WORK INSTRUCTION:
Reproduce, exactly and only, the lines of the data that follows from the one containing "Appartamento in vendita" down to the one containing "Jeans super slim", without pictures.

GIVEN ENTRIES:
━━━━━━

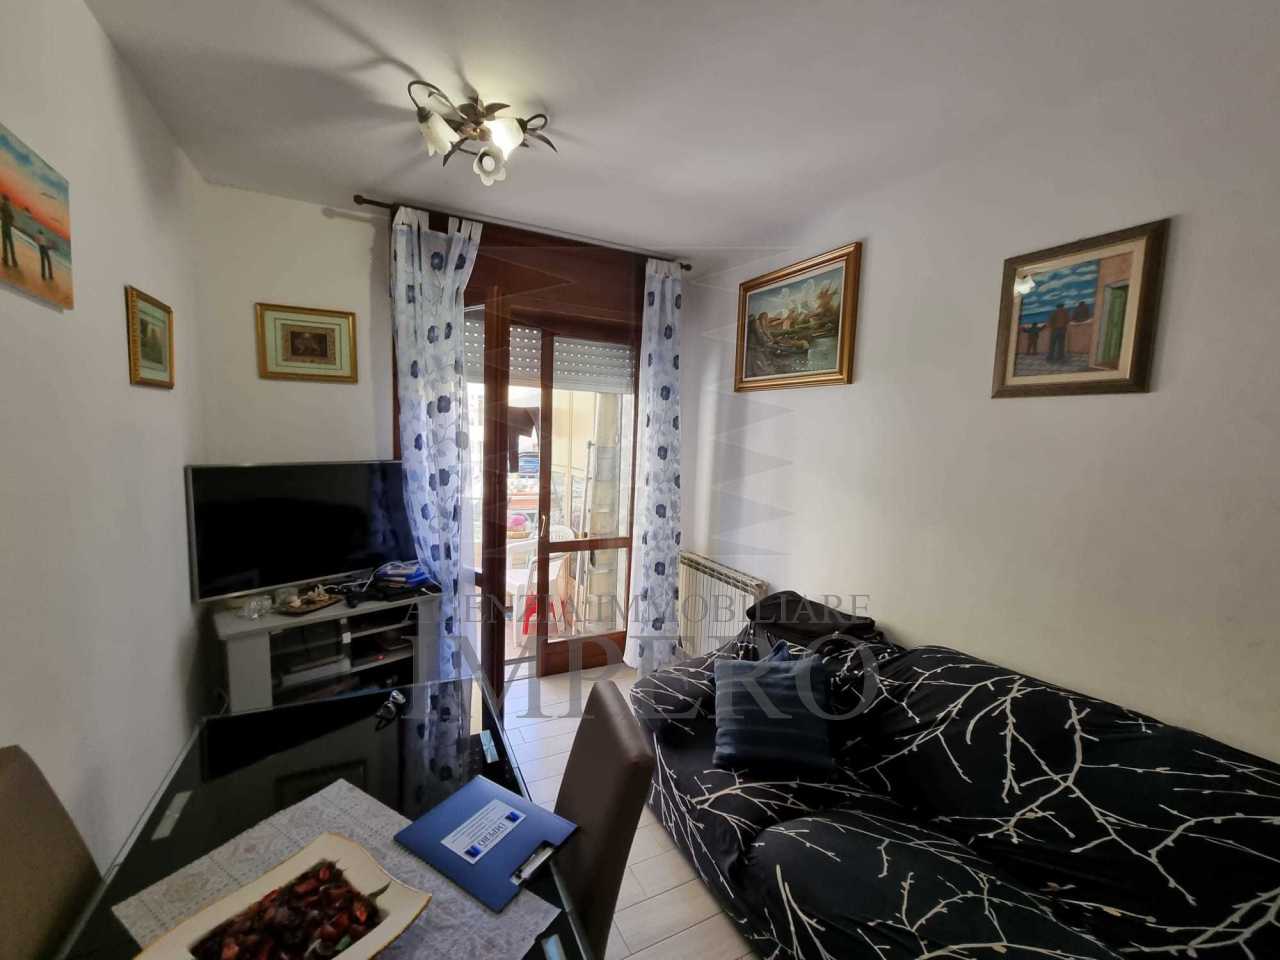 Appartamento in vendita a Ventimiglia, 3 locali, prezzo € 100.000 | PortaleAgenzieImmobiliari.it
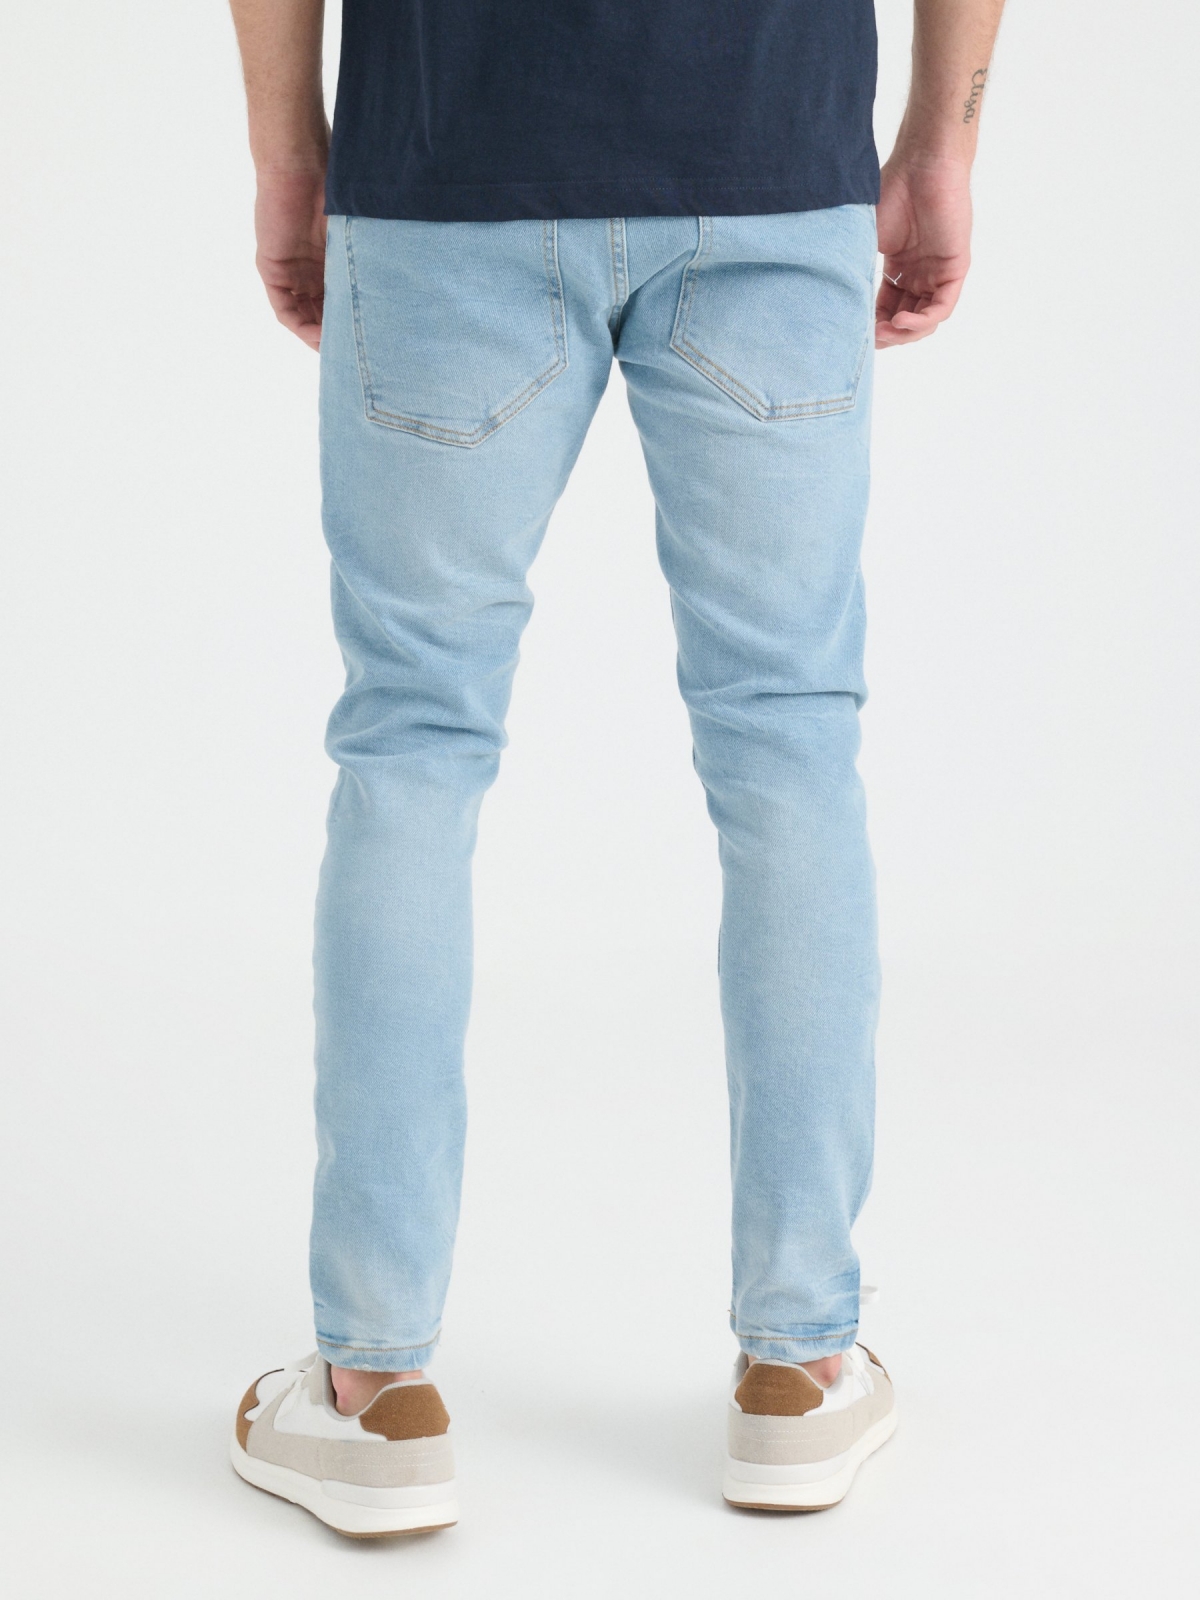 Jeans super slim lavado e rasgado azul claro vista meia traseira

━━━━━━

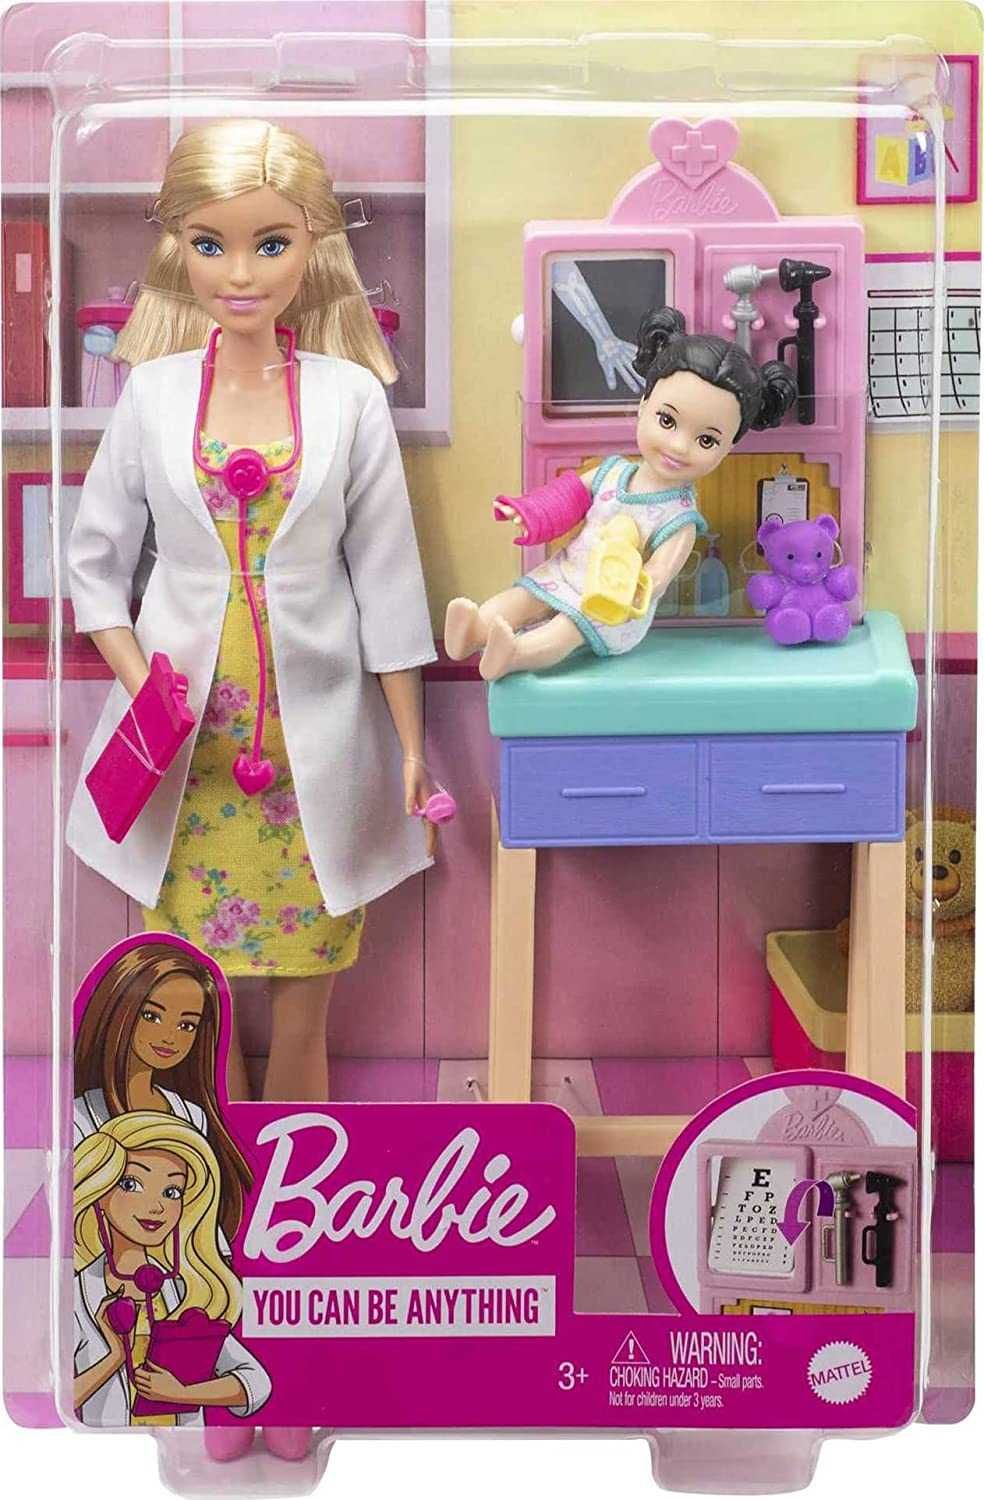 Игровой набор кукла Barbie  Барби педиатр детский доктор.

━━━━━━

ANSWER TO THIS TASK:
 Appartamento in vendita a Ventimiglia, 3 locali, prezzo € 100.000 | PortaleAgenzieImmobiliari.it
 Jeans super slim lavado e rasgado azul claro vista meia traseira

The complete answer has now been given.